0 0 * * * /bin/bash /path/to/daily_script.sh

This line schedules the script to run at midnight every day. Don’t forget to replace /path/to/daily_script.sh with the actual path to your shell script. Save and exit your crontab editor to activate the cron job.

You:#

ok crontab is not running the script properly the script is located in /home/matthew/LMXB/cron.sh and I’ve changed the /bin/bash to source and added a line to cd into the directory but it still doesn’t work

ChatGPT:#

If you’re encountering issues with your cron job not running the script properly, it’s important to ensure that the environment is set up correctly and that you have specified the full paths to your script and any required files. Here are some steps you can take to troubleshoot and potentially fix the issue:

  1. Specify Full Paths: In your cron job entry, specify the full paths for both the shell script and the Python script to avoid any relative path issues. For example:

    0 0 * * * /bin/bash /home/matthew/LMXB/cron.sh
    
  2. Set Environment Variables: If your Python script relies on specific environment variables, make sure they are set correctly in the cron job. You can set environment variables within your shell script using the export command.

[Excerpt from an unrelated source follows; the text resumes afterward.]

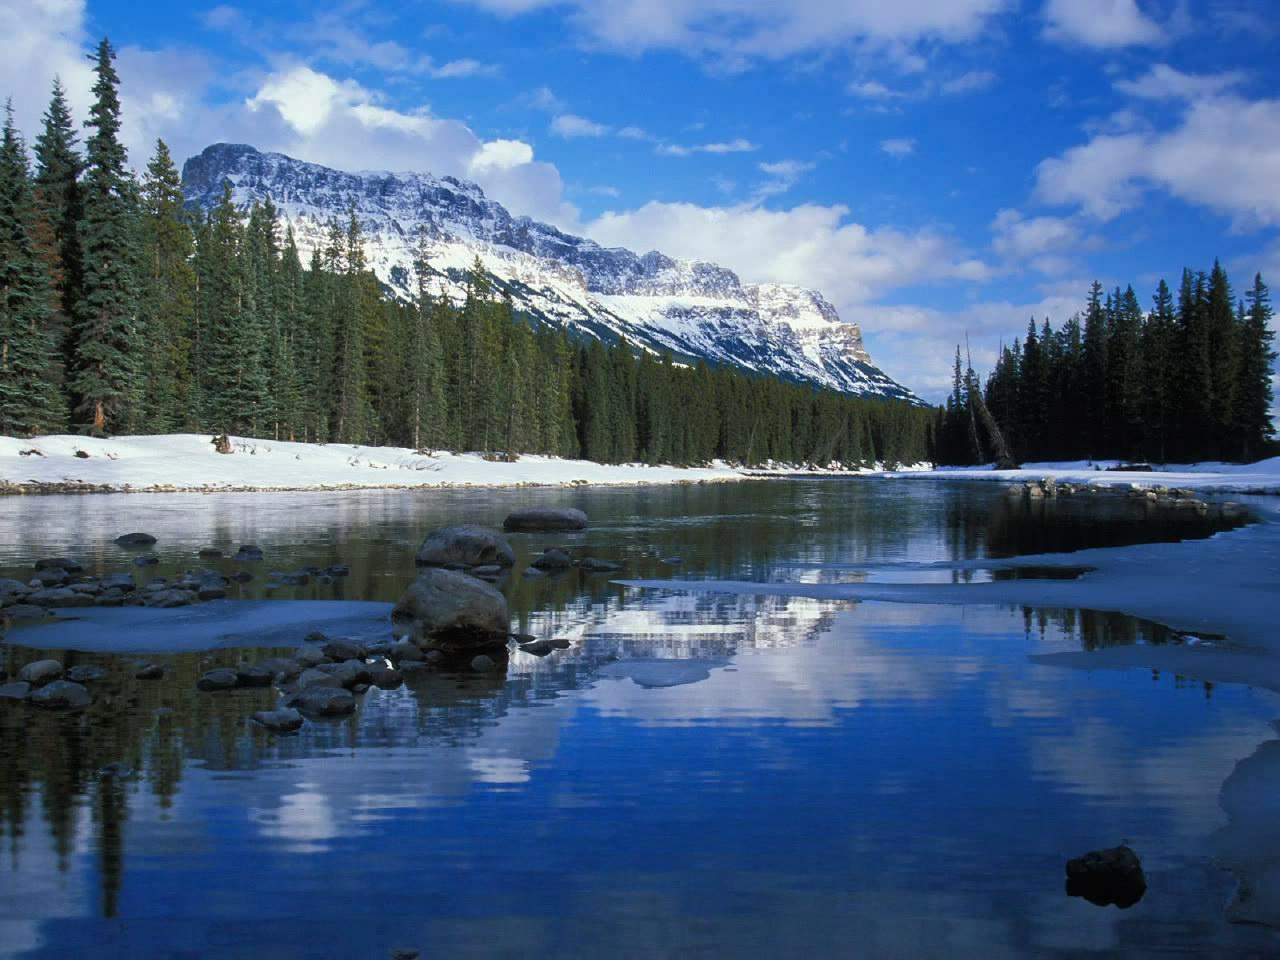 http://4.bp.blogspot.com/-HomayORnUxc/UB0CA8WrcdI/AAAAAAAACH8/fv1lG8uyiO4/s1600/Nature-Landscape-HD-Dream.jpg

  3. Check Permissions: Ensure that the script and any files it accesses have the appropriate permissions. You may need to make the script executable using chmod +x /home/matthew/LMXB/cron.sh.

  4. Redirect Output: It’s a good practice to redirect the standard output and standard error to a file within your script or in your cron job entry. This can help you diagnose any issues. For example:

    0 0 * * * /bin/bash /home/matthew/LMXB/cron.sh > /home/matthew/cron_output.log 2>&1
    
  5. Working Directory: If your script relies on a specific working directory, make sure to cd to that directory in your shell script. Use absolute paths to access any files or directories within the script.

  6. Errors in Script: Double-check for errors or exceptions in your Python script that might prevent it from running successfully. Ensure that all dependencies and libraries are available in the environment where the script runs.

  7. User Permissions: Ensure that the user running the cron job has the necessary permissions to execute the script and access any required resources.

  8. Cron Daemon Logs: Check system logs for any error messages related to the cron job. On many systems, you can view the cron daemon logs in /var/log/cron or /var/log/syslog.

By following these steps and checking for potential issues, you should be able to identify and resolve the problem with your cron job.